Booting the Lame from the Rock and Roll Hall of Fame

Boston Herald music writer Jed Gottlieb wants to take a broom to the Rock and Roll Hall of Fame to clean out the "pretenders." Here's his new criteria:
1. You have to rock. If Janis Joplin, Bon Scott or Joe Strummer wouldn’t have toasted your tunes with a pint, you’re out.

2. You have to blow minds. The Beatles and Hendrix switched the world from black and white to color. Well, you gotta do that. Or at least come close.

3. You have to have done at least one thing that categorically qualifies as rock ’n’ roll: lighting your guitar on fire, getting busy with your 14-year-old cousin or writing a letter to the Hall of Fame calling it a, um, urine stain after being inducted (as the Sex Pistols did) all qualify.

Gottlieb wants no part of Madonna, Leonard Cohen, The Lovin' Spoonful, The Eagles, The Bee Gees, Miles Davis, James Taylor, Jackson Browne, or John Mellencamp. In their place he wants to honor many of the popular snubbed artists: Beastie Boys, Lou Reed, The Cars, The Stooges, KISS, and The Cure. Check out the full column here.

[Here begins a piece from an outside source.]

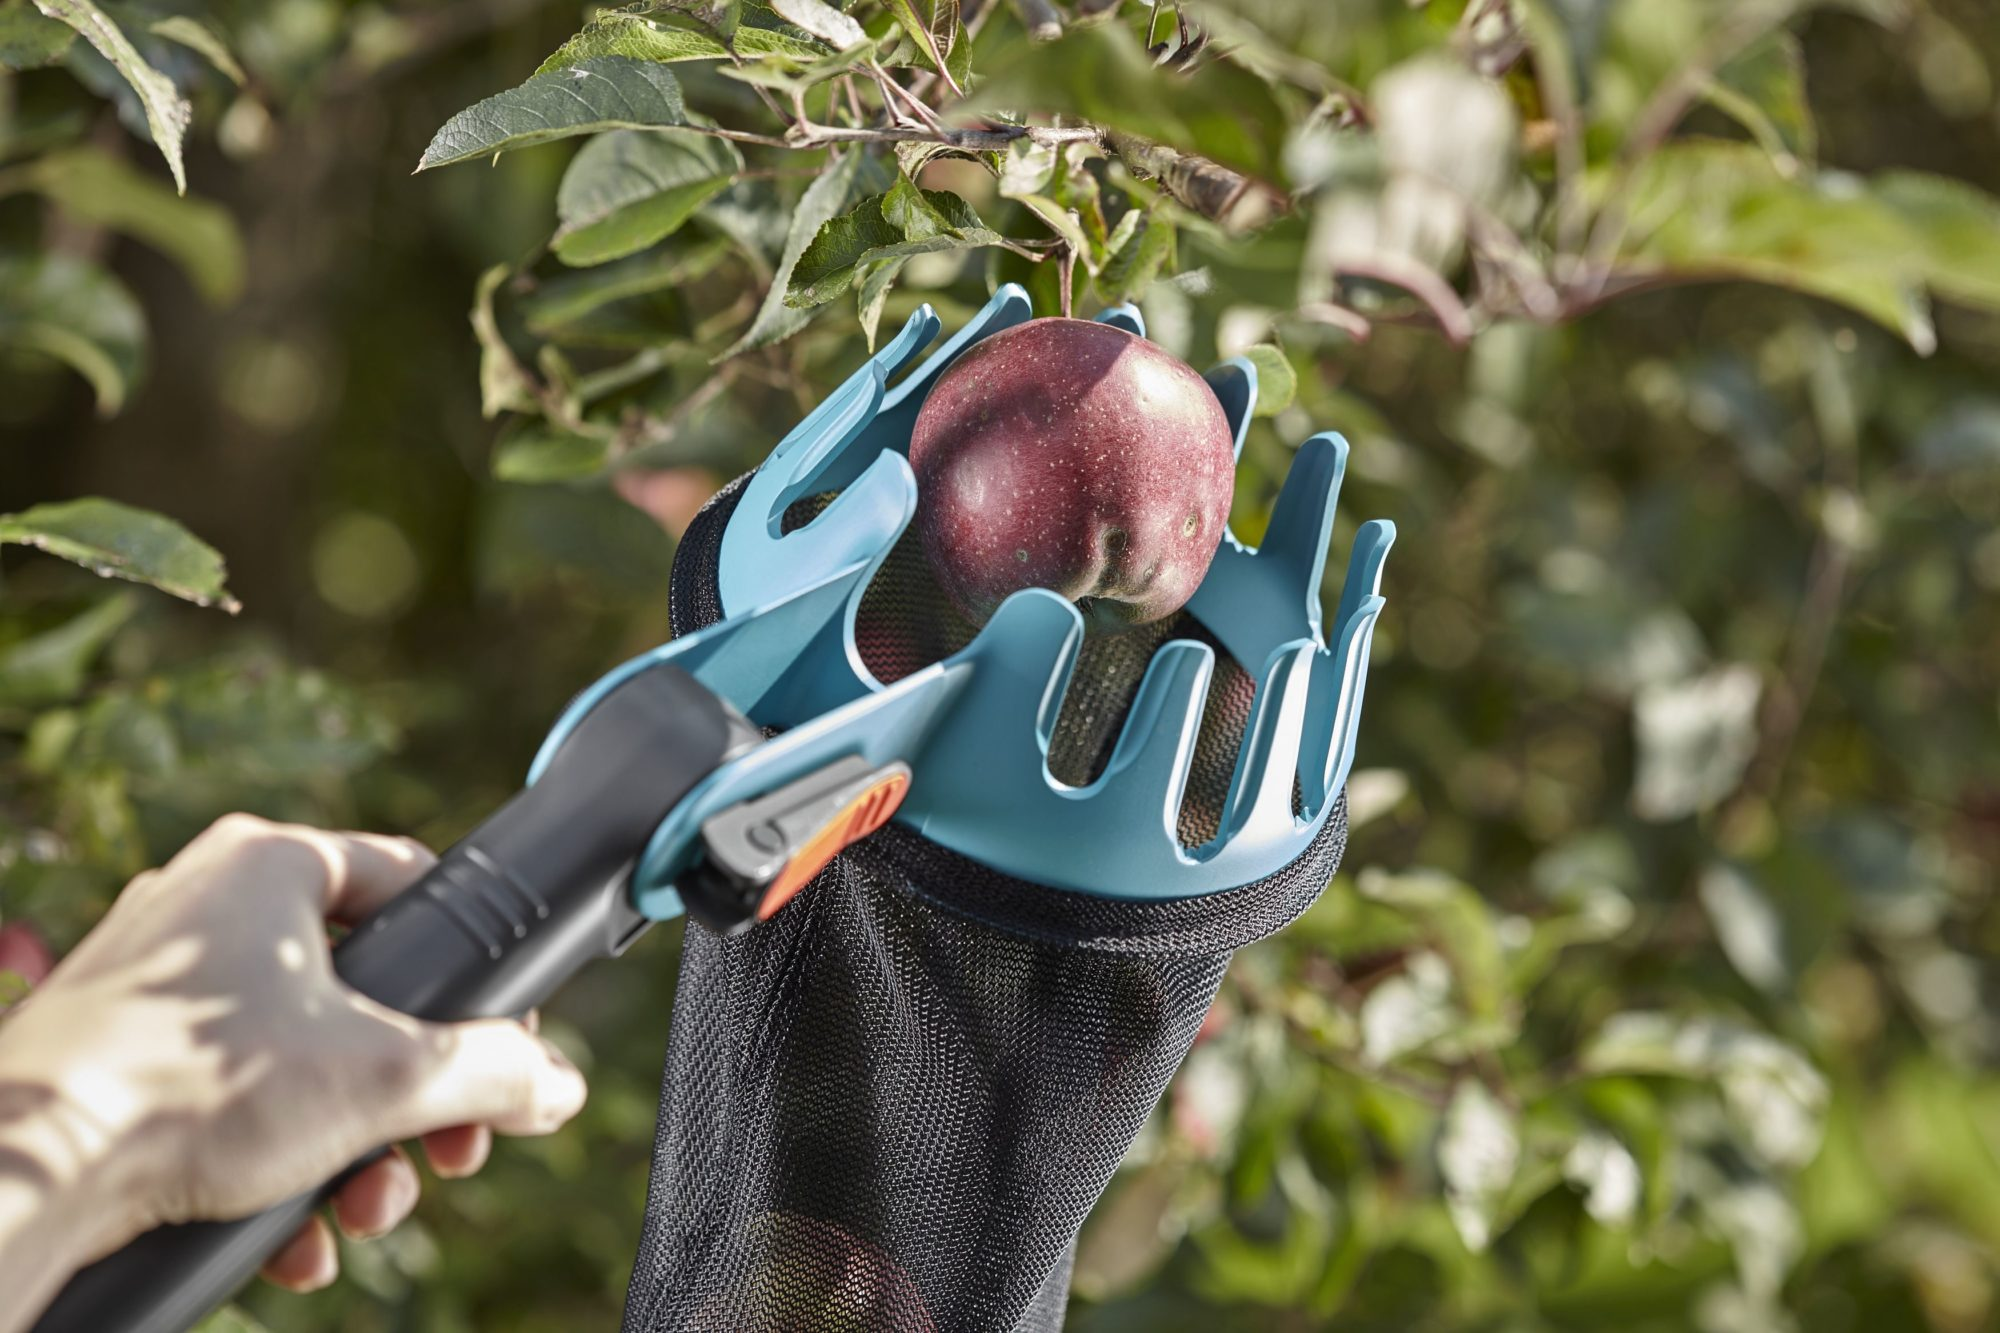 Многие садоводы для сбора урожая используются специальные плодосъемники

Hidden Track also comes up with a list of 10 bands they want to see inducted: Tom Waits, The Cure, Genesis, Rush, Willie Nelson, The Stooges, KISS, Metallica, Sonic Youth, and Alice Cooper. Videos, career highlights and ten more names at Glide Magazine.

The Rock and Roll Hall of Fame Nominating Committee could do a lot worse than start with the names from these two lists when they're putting the ballot together for 2009.